Fahrenheit 451

La pasión por prohibir

Si a su hija le gusta el rosa, no se preocupe. Si el niño no juega a las casitas ni a tiros, tampoco se altere. Si a los dos les encanta Blancanieves y los siete enanitos, no se desespere. Si a usted y a su pareja, en caso de tenerla, les chifla leer la novela 1984, de George Orwell, no sientan la más mínima intranquilidad, y si cree que pedir indemnizaciones por la llegada de Colón a América es una nueva demostración de ignorancia por parte de Maduro, felicítese porque razona usted de acuerdo con los parámetros normales, los mismos que utilizaba Aristóteles y los que le sirvieron a Galileo para establecer los principios de la ciencia, mejorando al anterior.

Quienes lo bombardean con la tabarra del rosa y los juegos inclusivos, o con la censura a Disney, a Orwell y a Colón, son unos mindundis avispados que pretenden hacerle dudar de todo lo que la humanidad ha logrado _ a trancas y barrancas, eso sí _, para instalarse ellos como faro del conocimiento, como referencia moral y dueños de los gustos y comportamientos. Quieren ser los nuevos dueños de Fahrenheit 451. De momento, sin fuego.
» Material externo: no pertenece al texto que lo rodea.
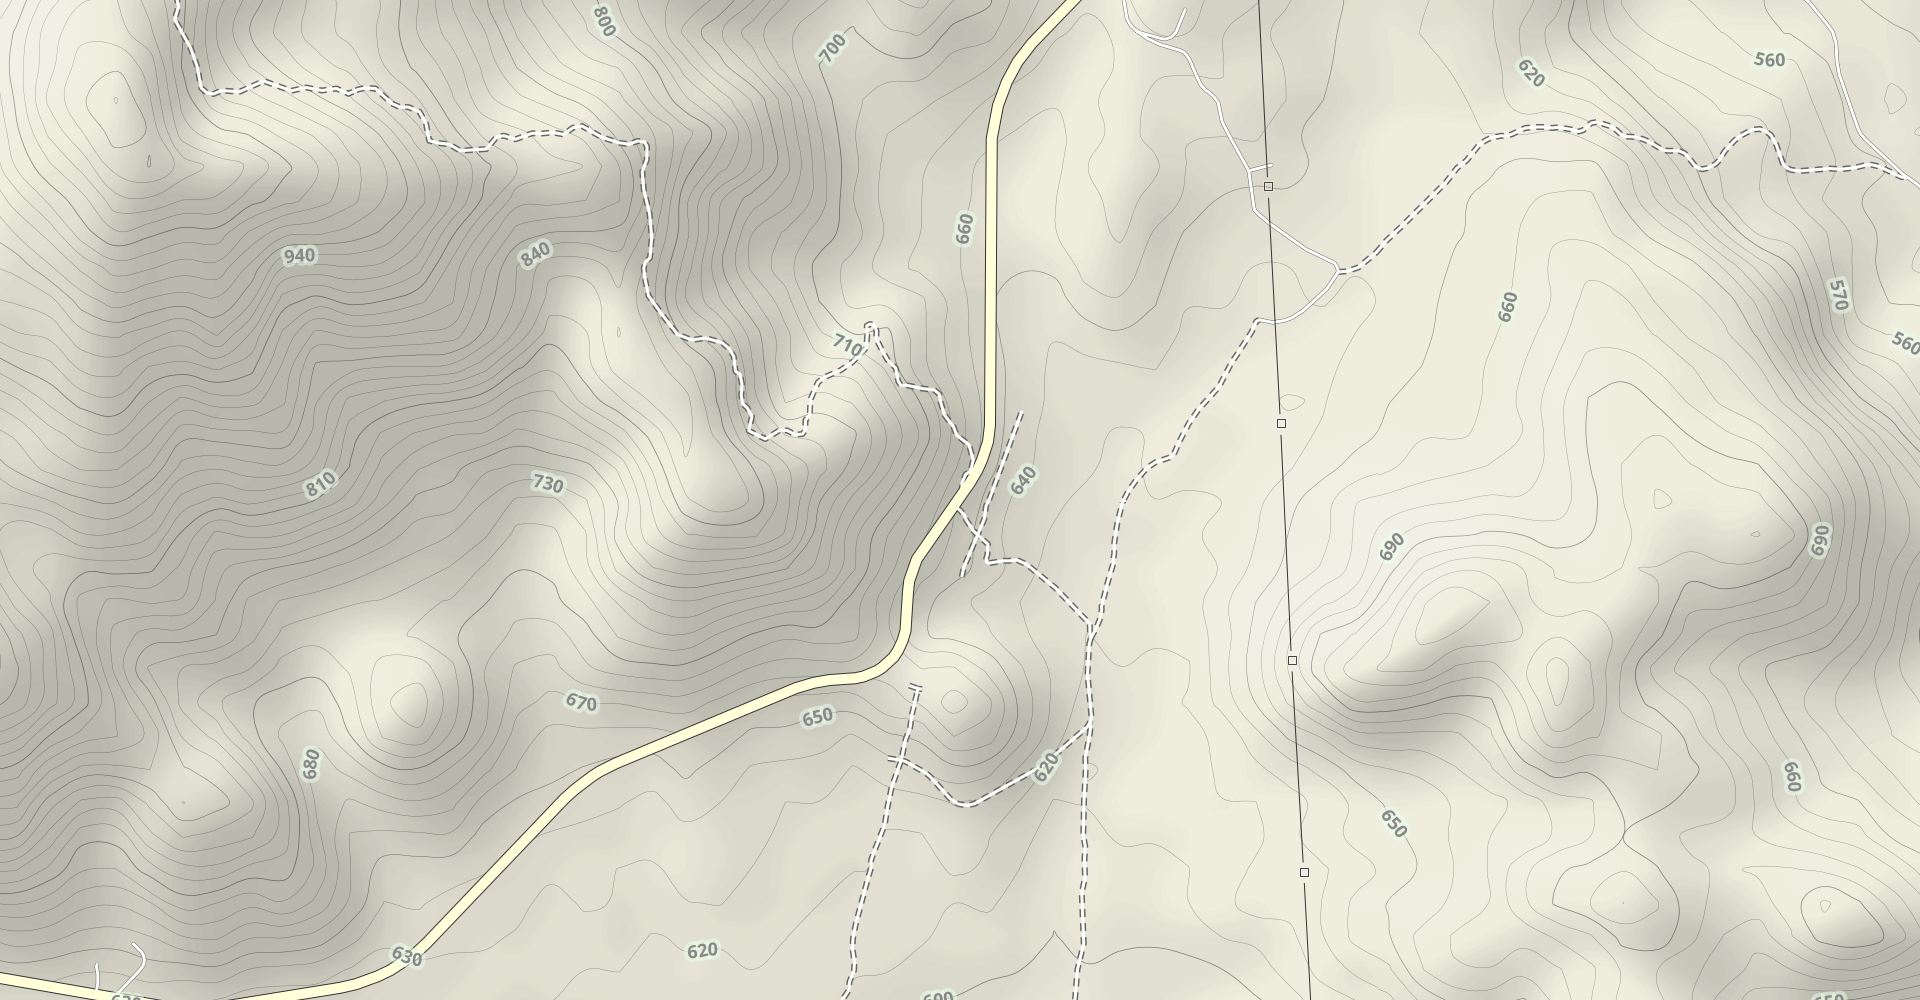 Lawson Peak Trail

Ese tipo de aprovechados los hubo en todas las épocas y en todos los países, aunque sí es cierto que nunca dispusieron de unos medios de difusión tan poderosos y baratos como los de hoy.

No obstante, esa propia inmediatez y velocidad en el mensaje es en sí misma una advertencia sobre su falta de fuste, por mucha universidad norteamericana, belga o canadiense que los arrope.

Por si lo han olvidado, recuerden que en febrero de 1966 _ superado ya el medio siglo desde entonces _, el Papa Pablo VI suprime el Index librorum prohibitorum, o sea, el Índice de libros prohibidos que se mantenía desde Trento. Se ve que ante ese vacío brotan nuevos dictadores vocacionales dispuestos a borrar títulos y enanitos porque a ellos no les van.